I’ve never seen that before, ill have to watch the whole movie. Thanks, that’s stellar.


>The fundamental failure of this logic of trying to go somewhere and built a new city to escape the policy failures of the old city, is that those conflicts are intrinsic problems of large scale human organization. If you bring people, you bring the politics.

That seems like a really jaded view. To my mind there are millions of ways to organize human societies. The more experimentation the better. You're acting like nothing new can ever happen in this area, and I just don't buy that.


There have been a lot of experiments already. Most of them have failed and left the experimenters worse off. But sure people are welcome to keep trying.

What annoys the rest of us is the hubris and overconfidence. The experimenters usually falsely label those of us who disagree with their "vision" as fools who can't see the future.


Governments are not households. Using this metaphor only causes more misunderstandings.


Except Greece for example recently hit it’s borrowing limit with spiraling interest rates. If it could have borrowed unlimited money at zero interest nothing bad would have happened, it could have paid debts with new loans.


There are better and deeper ways of understanding money. You think fiscally sovereign nations need to borrow their own currency, and that isn't correct. You think government spending necessarily precipitates a currency crisis, and this is not only incorrect but goes against the demonstrated history of the United States from the 40s until today.

https://www.youtube.com/watch?v=ba8XdDqZ-Jg

It seems like you are conflating the role of private and public debt, which is a very common mistake. Private debt does cause economic crises, public debt is a misnomer - it's generally speaking not even correctly referred to as debt. It's referred to as a debt for historical reasons, its not owed to anyone, for example.

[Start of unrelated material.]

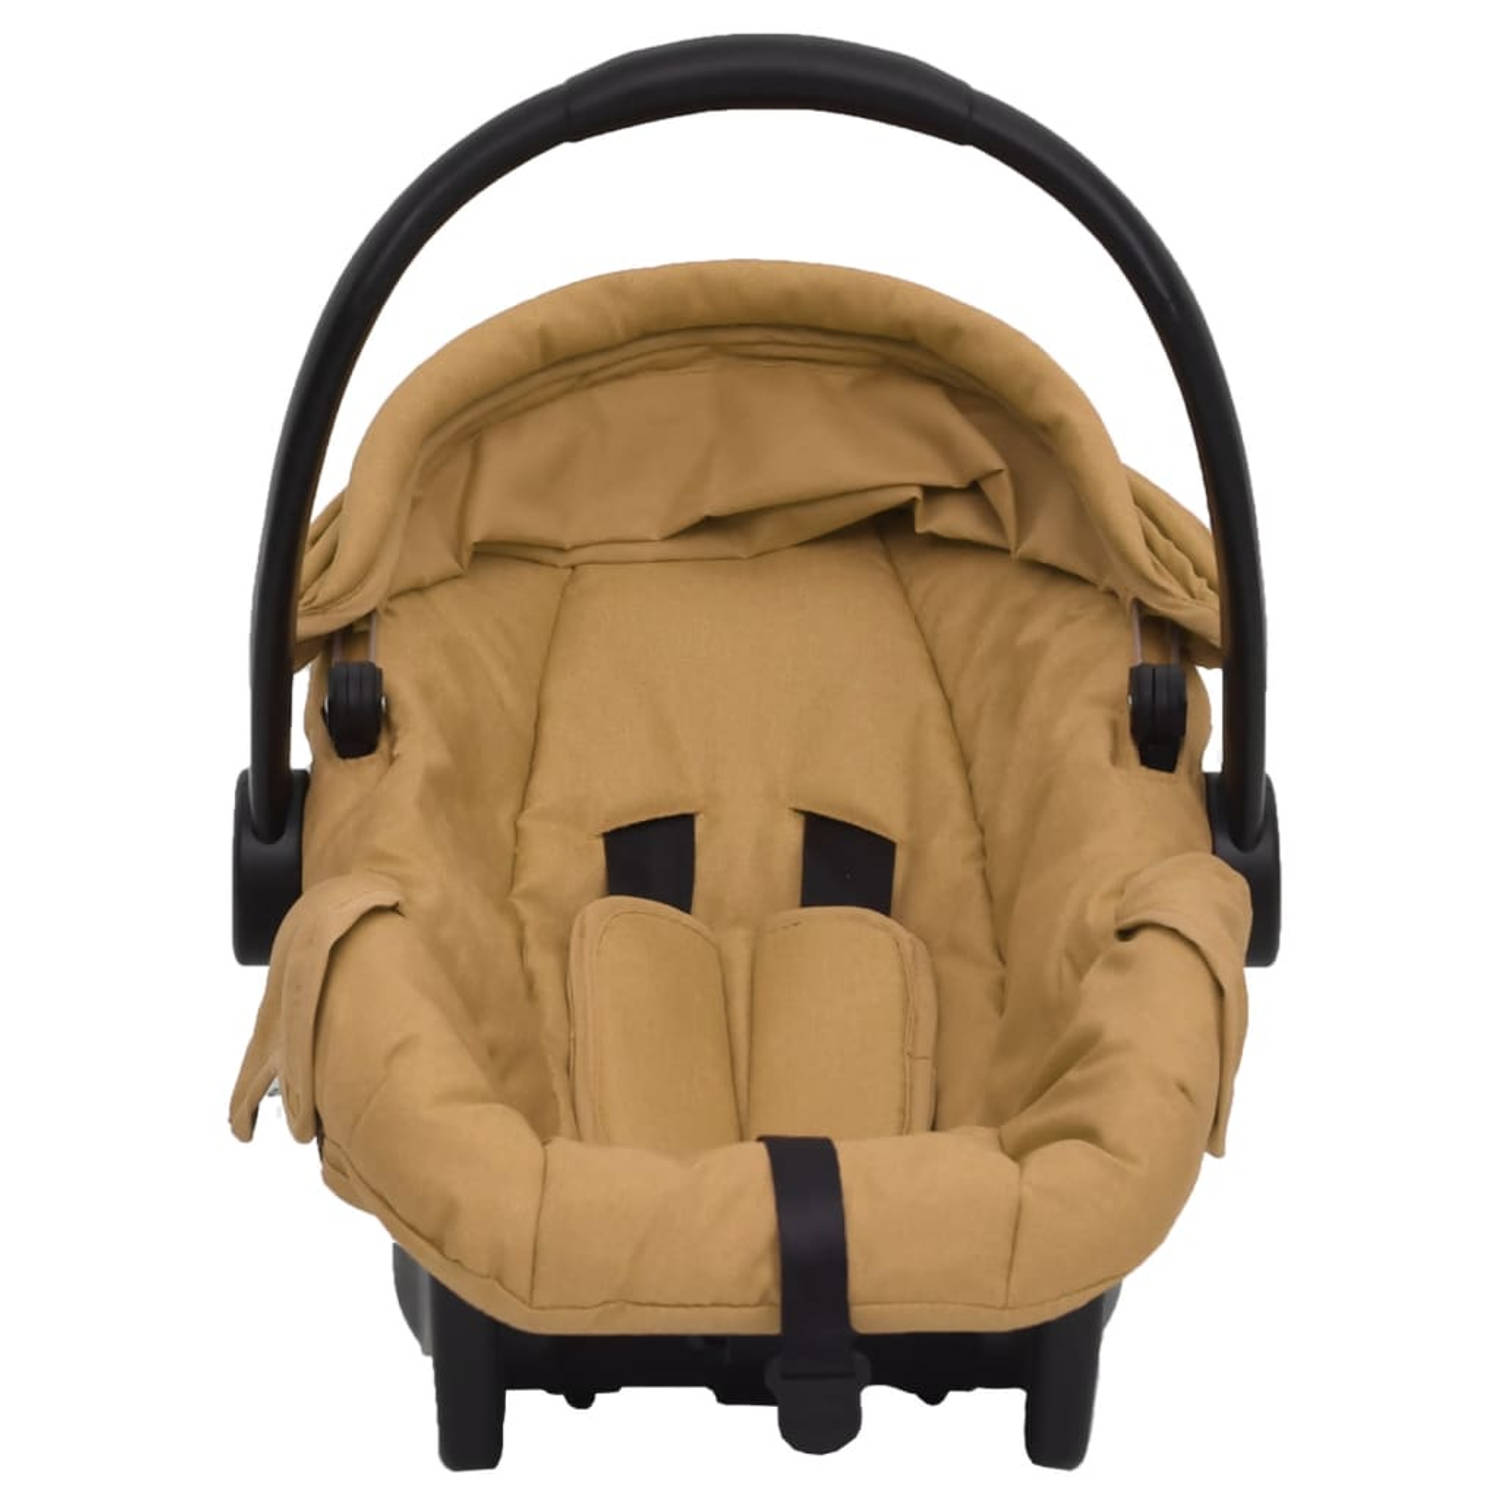 The Living Store Babyautostoel - Veiligheidszitje - Stevig en duurzaam - Gemakkelijk te dragen - Zijpanelen voor extra

A paper by the CATO institute showed that world hyperinflations have not historically arisen from monetary policy changes. They have more to do with... eh, its complicated. Collapses of industry in wartime, famines, militarily-imposed foreign debts and single-resource economies living beyond their means. The understanding you are demonstrating is called the Quantity Theory of Money and its being more and more called into question. The Theory of Ricardian Equivalence is toast. Not sure if you know that those are the high-falutin names of the theories you are describing as being patent fact.


> You think fiscally sovereign nations need to borrow in their own currency

No, it can be quite beneficial. However, it’s more dangerous to borrow in foreign currency because exchange rates are outside of complete government control.

> You think government spending necessarily precipitates a currency crisis

No, the inability to borrow in their own currency is one possibility. Bad monetary policy is another, losing a war for existence is another.


This is beautifully put and very true!